Why are you use PROC IMPORT to read a delimited file?
You can just write a DATA step to read it yourself. Frequently with less typing than writing a PROC IMPORT code.
This goes even more so if you are getting many similar files.
You can also try running PROC IMPORT and recall the code that it generates and modify that code, although PROC IMPORT writes ugly code, at least it will take guess at what variable names to use and what type of data is in each column.
01-30-2018 04:11 PM
You would have to tell use explicitly what values you change from and too. But unless you take extra steps that almost no one does if your original value was "2208,03" and you change the value to anything that might be interpreted as a number such as 220,803 then Excel changed the CELL to numeric. And very likely on file>save as>CSV (you did do this correct?) the value came out as ,220803, no quotes or even worse ,220,803, no quotes and now a different field.

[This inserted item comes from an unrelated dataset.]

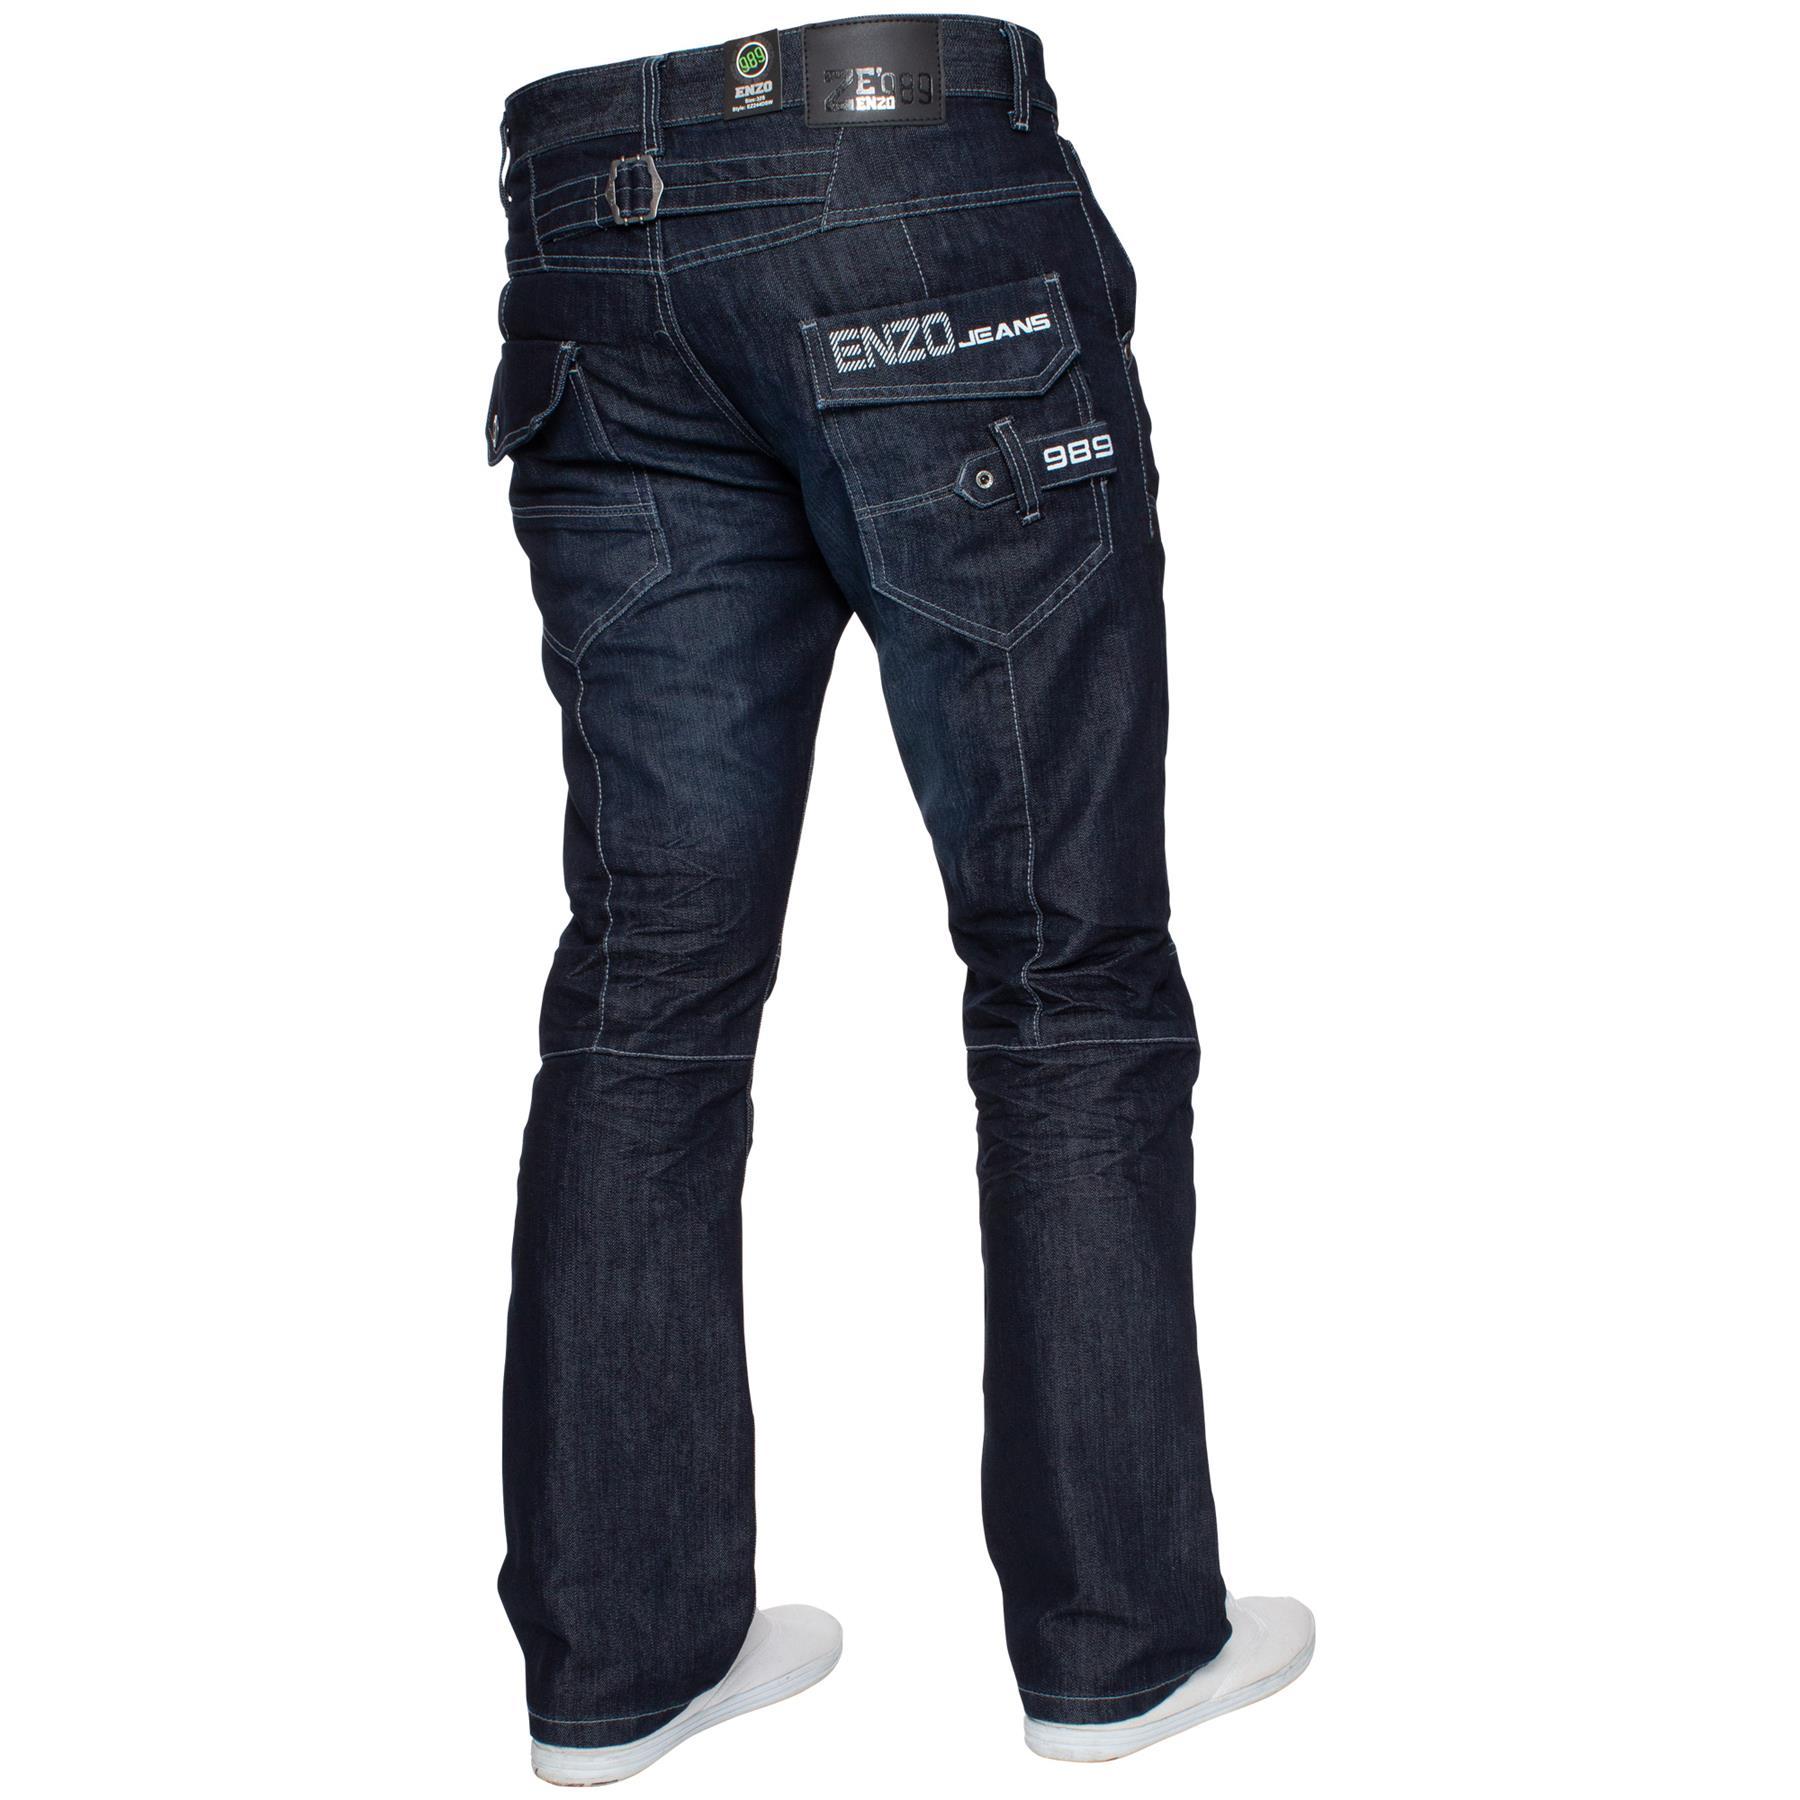 Enzo-Mens-Big-Tall-Jeans-Leg-King-Size-Denim-Pants-Chino-Trousers-Pants-44-034-60-034 thumbnail 72

Either edit with text editor, OR (sometimes this works, sometimes not) set the entire column in Excel as text before making any edit.
OR use program code in a data step:
If value='2208,03' <possibly with other qualifier such as: and ID='abc'> then value='220,803';
Also if you have multiple files with the same structure you would be much better off writing a data step because Proc Import guesses variable length and type every single time and your data sets may not be compatible.
Note that Proc Import with CSV will write a data step to the log that you can copy, paste into the editor, modify and save. Then you change the infile and output data set to get the desired result.
You also should use guessingrows= with a moderately large value or the key word MAX to have better compatibility on variable length when importing CSV or other delimited files.